The immediate issue is therefore not the new institutional design of European defence and security policy. It is focused on the Russian invasion of Ukraine, which was celebrated three years ago yesterday. Meeting in Kyiv, European leaders demanded, in the words of António Costa , a “just, lasting and comprehensive peace”, negotiated with both Ukraine and Europe at the table. Unfortunately, the meeting between the heads of American and Russian diplomacy in Saudi Arabia last week, as well as Trump’s public acceptance of Putin’s terms, do not help any negotiations to have a balanced outcome.
History teaches us that the horrors of war lead us to seek imperfect compromises. This was the case with the Munich Treaty of 1938, which was also negotiated without the presence of the country whose territorial integrity was being disputed. British Prime Minister Neville Chamberlain negotiated to allow Hitler to invade the Sudetenland in exchange for preserving the rest of Czechoslovakia. It was of little use when, within a year, German troops marched on Prague and shortly afterwards invaded Poland, starting the Second World War. There is no need to go that far. In 2015, a similar agreement in Minsk allowed Russia to consolidate its occupation of Crimea. It turned out as it did. If we give in now, we do not know whether Putin’s next war will be fought again from Kyiv or rather from Tbilisi, Riga or Tallinn.
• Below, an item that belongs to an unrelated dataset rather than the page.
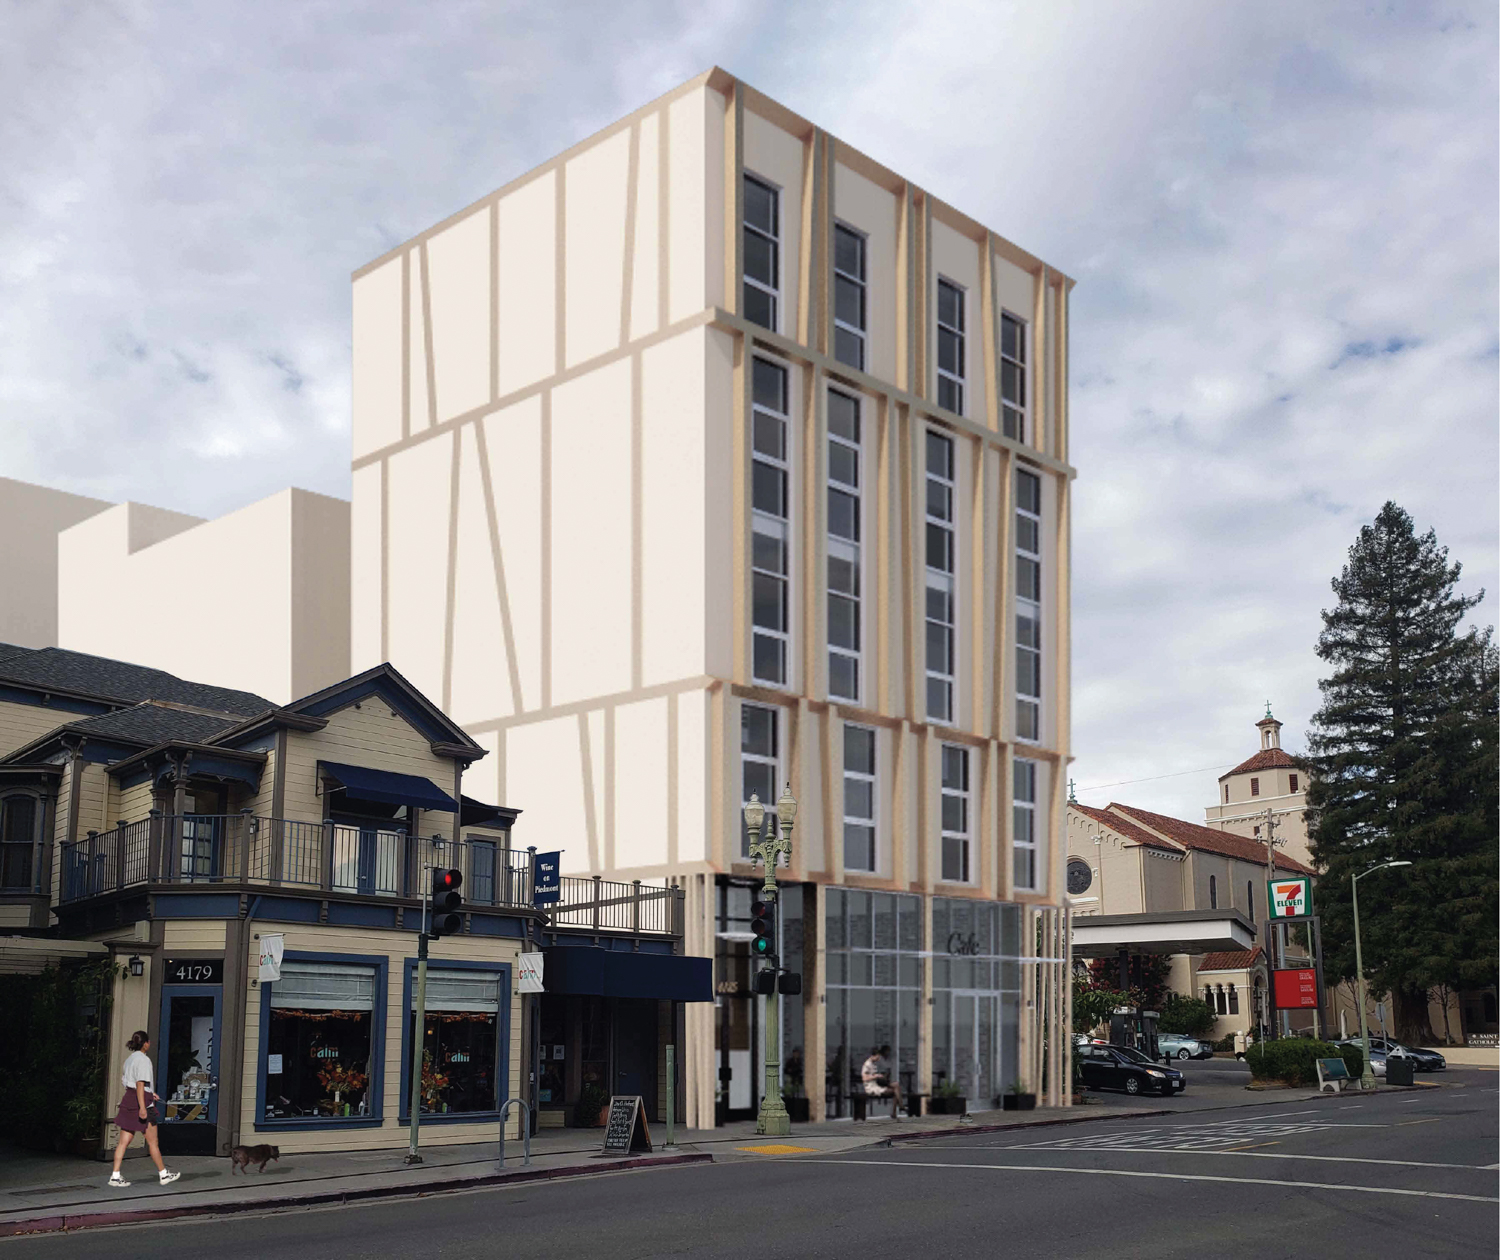 4185 Piedmont Avenue new design, rendering by Kava Massih Architects

Only a victory for Ukraine will put an end to Putin’s revenge and ensure lasting security conditions not only for Ukraine but for the whole of Europe. The biggest challenge is to be consistent with this conclusion. The response cannot be solely military or limited to Ukraine’s territory. Today, threats are hybrid, with new theatres of operations emerging in the commercial, technological, informational and even demographic spheres . Take the case of the Romanian presidential election, which was annulled due to suspicions of Russian interference. In addition to increasing defense budgets, we must sound the alarm to defend its democracy and prosperity firmly and urgently.
On the other hand, Europe cannot turn in on itself while it deals with its own problems. On the diplomatic front, the American realignment could both increase China’s influence in the Global South and, by separating the waters, open up new opportunities for strategic rapprochement with these countries. In contrast to Trump’s threats regarding Panama, Canada or Greenland, a truly European foreign policy will reap greater political and economic benefits the less it is based on the law of the strongest and more on respect between peoples and international law.
Evoking Sérgio Godinho, Europe must go to war with its sights set on peace. In the world order that emerges from this crisis, we will only know peace if Europe is a protagonist in its own right and master of its own future.